▸ EXERCISE PROMPT: Any picture in the data below gets skipped; print all the rest exactly.

▸ EXERCISE DATA:
++++

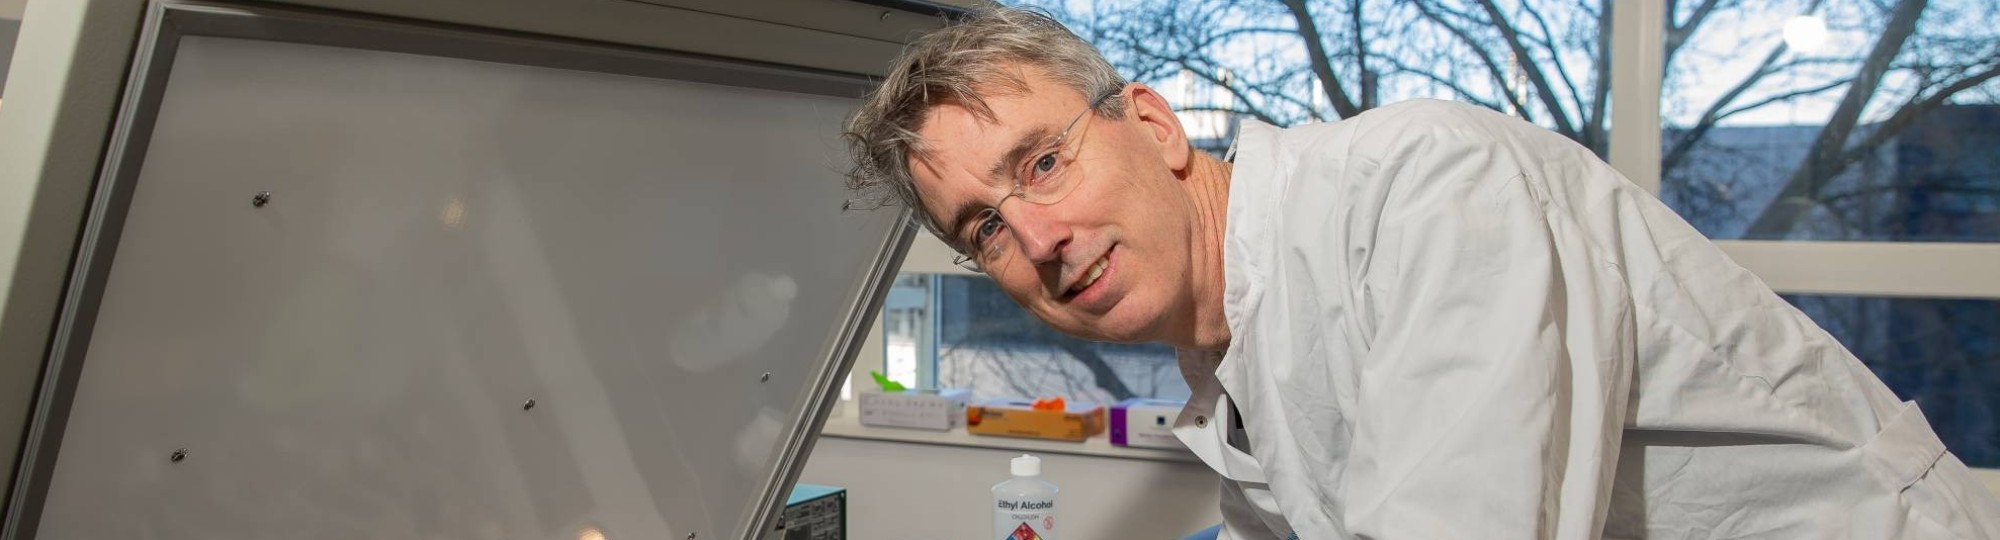 CEO Koen Dechering van TropiQ houdt zich bezig met de ontwikkeling van een nieuw medicijn tegen malaria. Hij levert ook een bijdrage aan de minor Drug Discovery
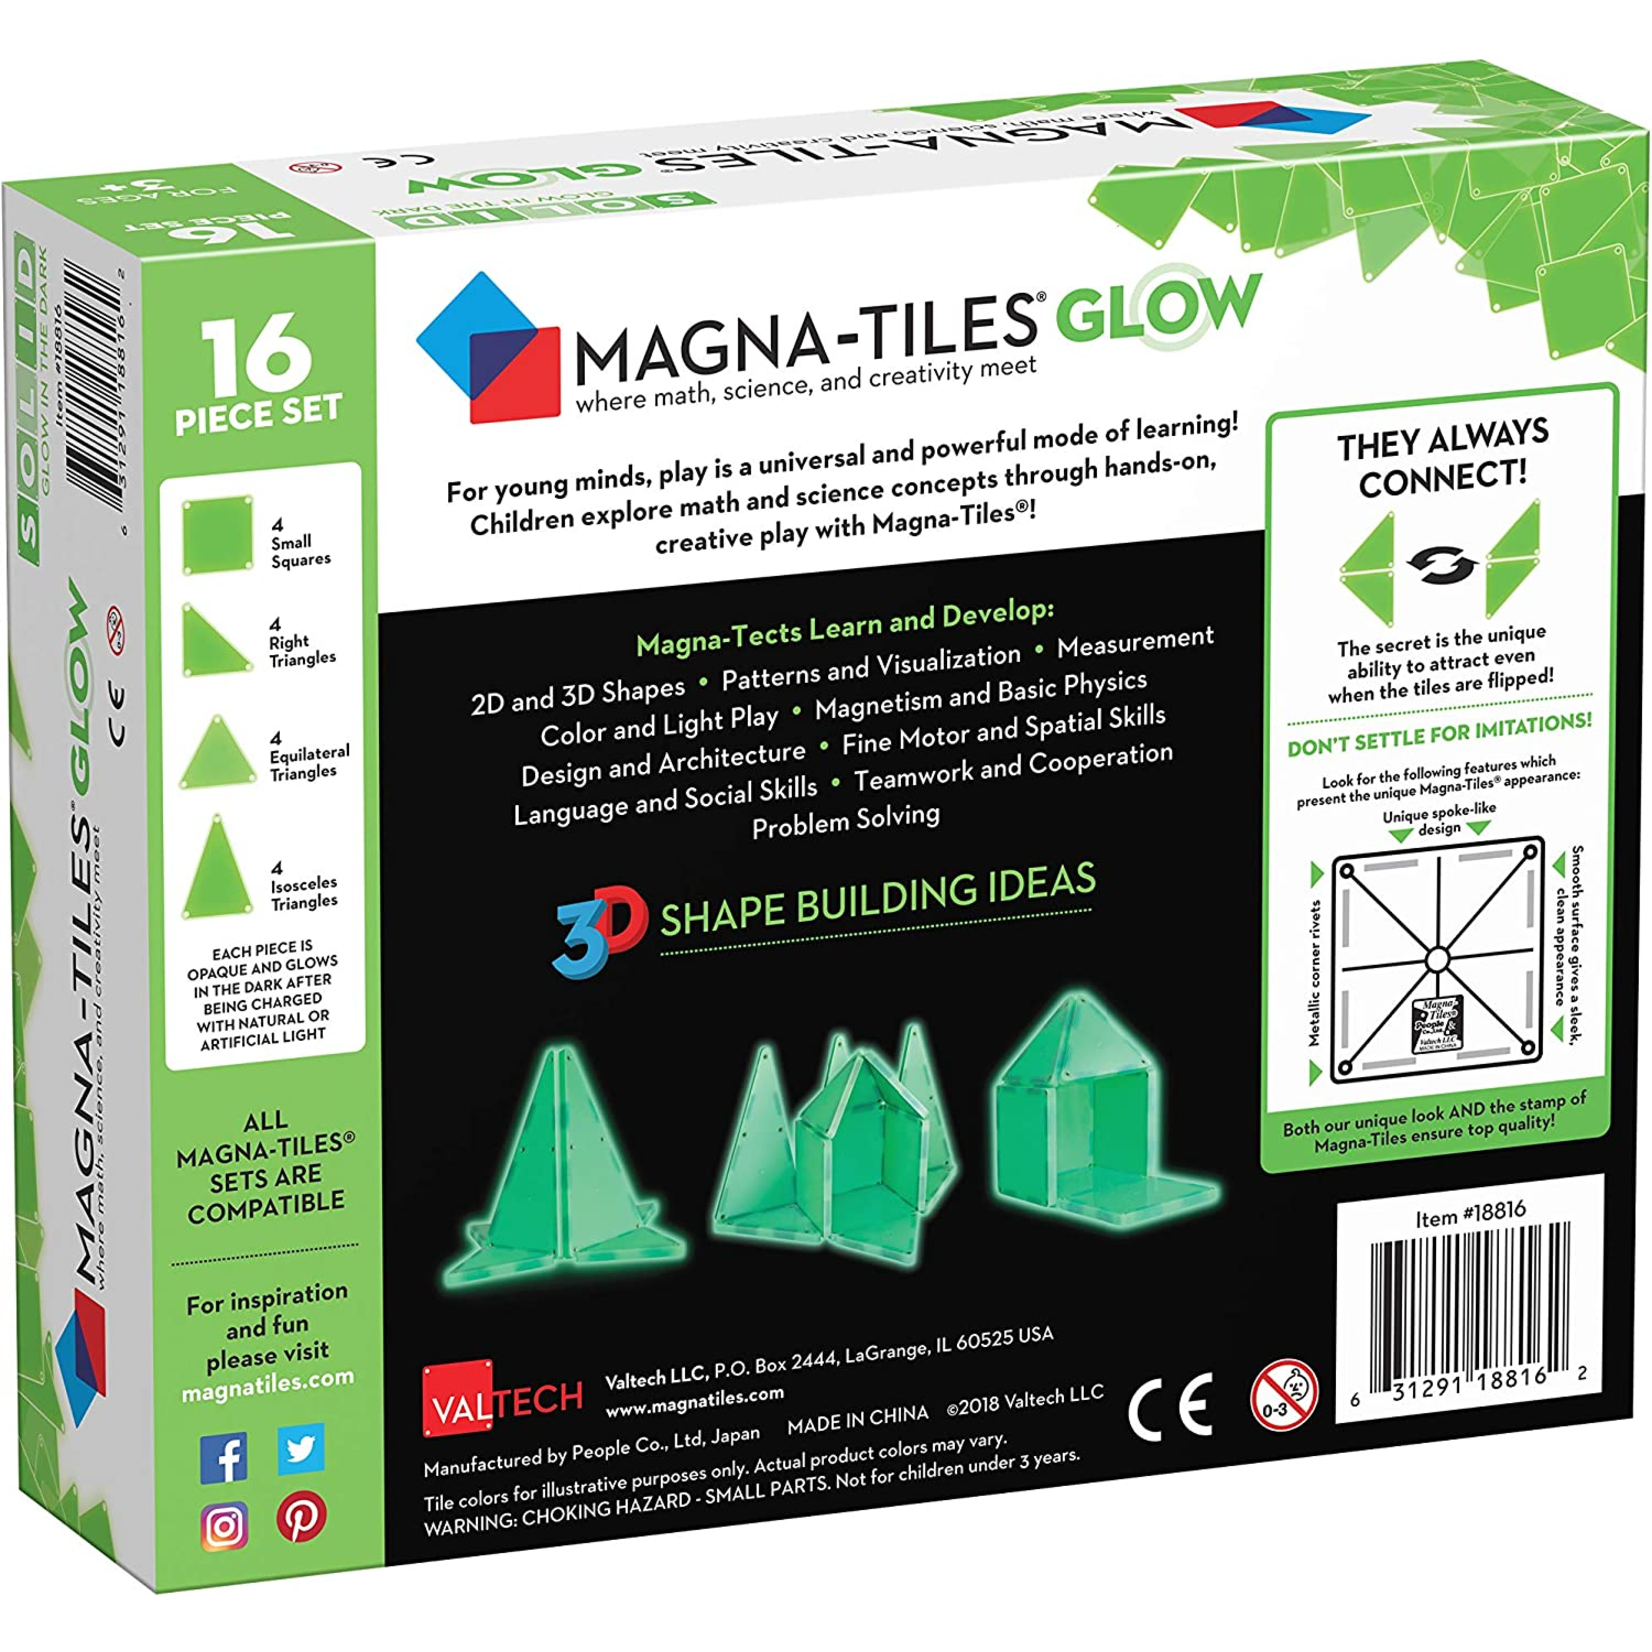 Magna-Tiles Glow 16-Piece Set
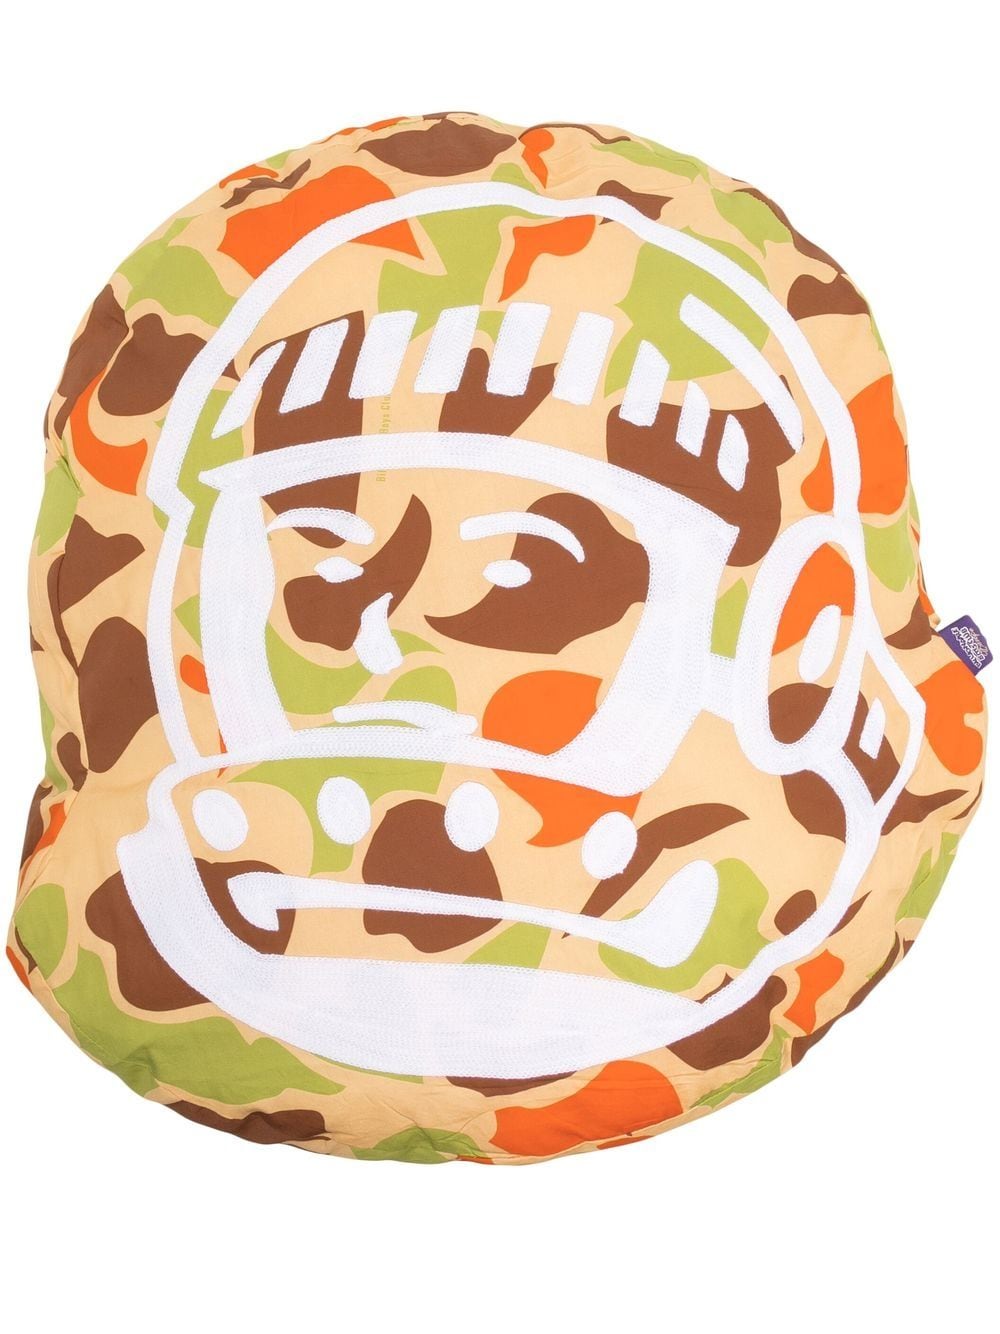 Billionaire Boys Club Astro helmet cushion - Multicolour von Billionaire Boys Club

++++

▸ RESPONSE AREA:
 CEO Koen Dechering van TropiQ houdt zich bezig met de ontwikkeling van een nieuw medicijn tegen malaria. Hij levert ook een bijdrage aan de minor Drug Discovery
 Magna-Tiles Glow 16-Piece Set
 Billionaire Boys Club Astro helmet cushion - Multicolour von Billionaire Boys Club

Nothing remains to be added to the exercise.